BUCKLEY: By accepting certain goals and preparing for those goals irrespective of the cost. To list a simple program: Liberate Albania. Unification of Korea, Extirpation of Communist influence in Syria. Unification of Germany. (New York)
From "Close Encounters: Mike Wallace's Own Story," by Mike Wallace and Gary Paul Gates (William Morrow, 1984)
Irv Kupcinet, columnist and broadcaster: Wonderful guest
There were innumerable great arguments on the show ["Kup's Show"].
William Buckley would argue about anything with anybody. I seldom agreed with him, but he was always a wonderful guest and I'm frankly proud that we were the first to invite him on this kind of show when he was just starting his National Review. (Chicago, 1955)
From "Kup: A Man, an Era, a City," by Irv Kupcinet with Paul Neimark (Bonus Books, 1988)
Garry Wills, journalist and author: Pleasant company
That higher bounce of a voice he saves for the telephone: "This is Bill Buckley. I read what you sent us, and love it and will run it soon. Could you come to New York and see us?" ...
Luckily National Review's first office (later abandoned), though cramped and slovenly, was air-conditioned. I waited in a little cubicle for visitors, glassed off from the one large room, with little stalls along the sides, that housed this busy small world of editors. Stuck in my bowl, I took a goldfish view of bustle in and out of stalls, stray interweavings in the middle of the room. My first impression was of youth; but that did not carry over to the man who came to pull me out of my bowl.
I was surprised, for some reason, to find him tall -- less preppy-looking than his book-jacket picture had led me to expect; pleasantly disheveled and informal, despite the rich prance and neighing of his voice. Today many people who meet Buckley for the first time have seen and heard him on TV; but I knew him only, by repute, as a Wunderkind; and this tall 32-year-old seemed somehow more normal and adult than the image I had formed of him.
When we went into his office, though, he seemed a bit boyish in the company of fellow editors, each his senior by decades -- James Burnham, John Chamberlain, Willmoore Kendall. Buckley sat on his desk, tucked his legs under him, and continued discussion of some policy matter. He showed a deference to others that might belie his superiority on the review's masthead; but he showed the same deference when the conversation circled toward my chair. Buckley asked my opinion. I don't remember what the subject was, but I fear I answered confidently. The others went through the motions, at least, of seriously considering an opinion from this stranger off the street. Those around Bill pick up his manners, acknowledging each other's presence and giving all a hearing. It is one of the things that makes his company so pleasant. (New York, 1957)

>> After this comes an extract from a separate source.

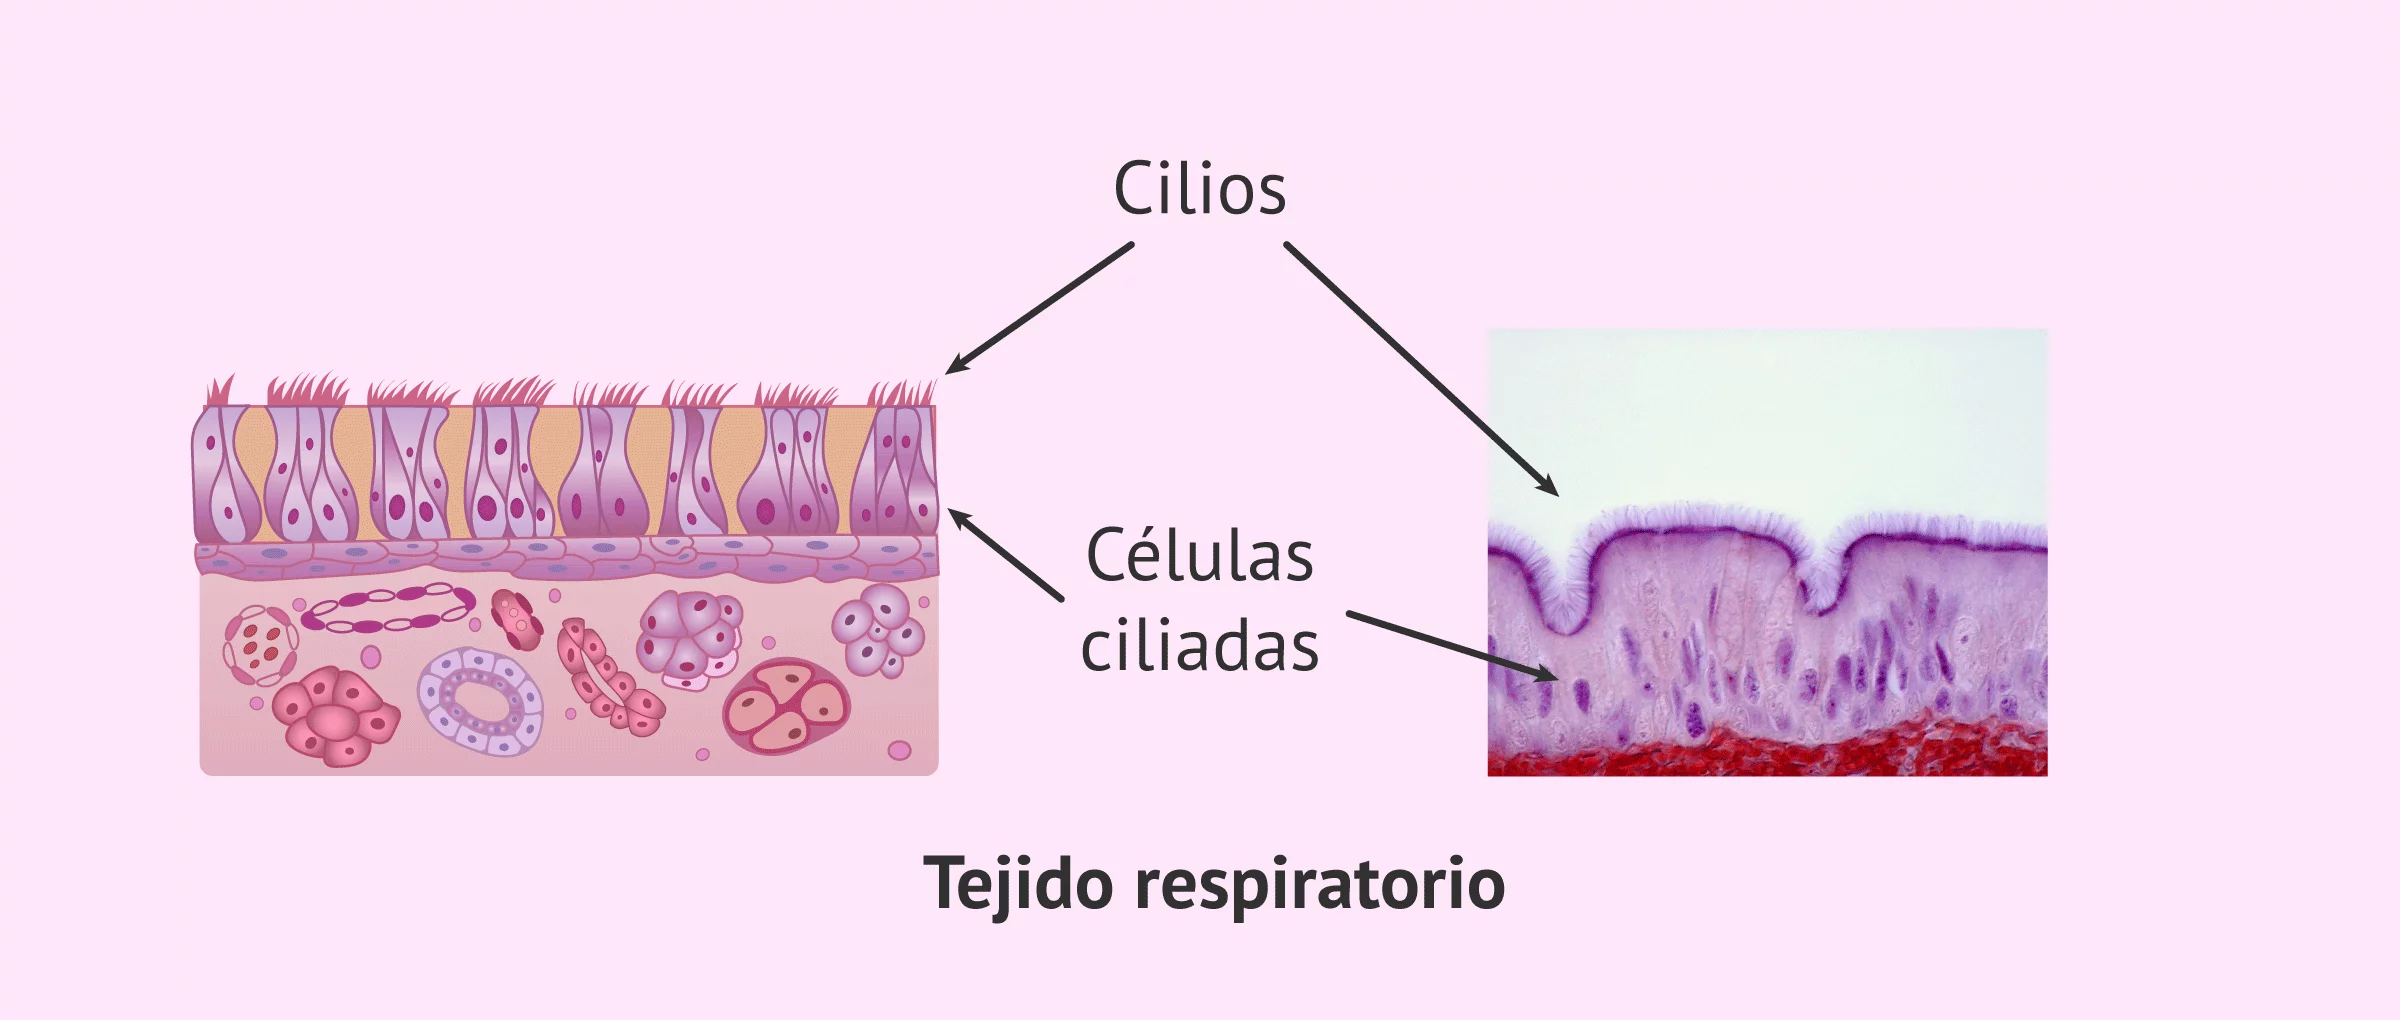 Epitelio respiratorio con cilios y Síndrome de Kartagener

From "Confessions of a Conservative," by Garry Wills (Doubleday, 1979)
James Michener, novelist: Funny, delightful, outrageous
The [United States Information Service] board that [Frank] Shakespeare assembled was evaluated as "unquestionably the most effective and best-run advisory board in the nation." ... the rare skill demonstrated by its chairman, Frank Stanton ...
His number two man when I came aboard was William F. Buckley, Jr., the right-wing ideologue and one of the funniest, most delightful and outrageous men in the nation. He and I were about as far apart politically as two men could be, but I held him in the warmest regard. Savagely brilliant and devastating in his witty dismissal of bores, he was one of the young men most influential in helping swing the nation far to the right, a sinful performance for which I suppose God will forgive him, for he convinced me that God was of course both a Catholic and a conservative. (Washington, D.C., late 1950s)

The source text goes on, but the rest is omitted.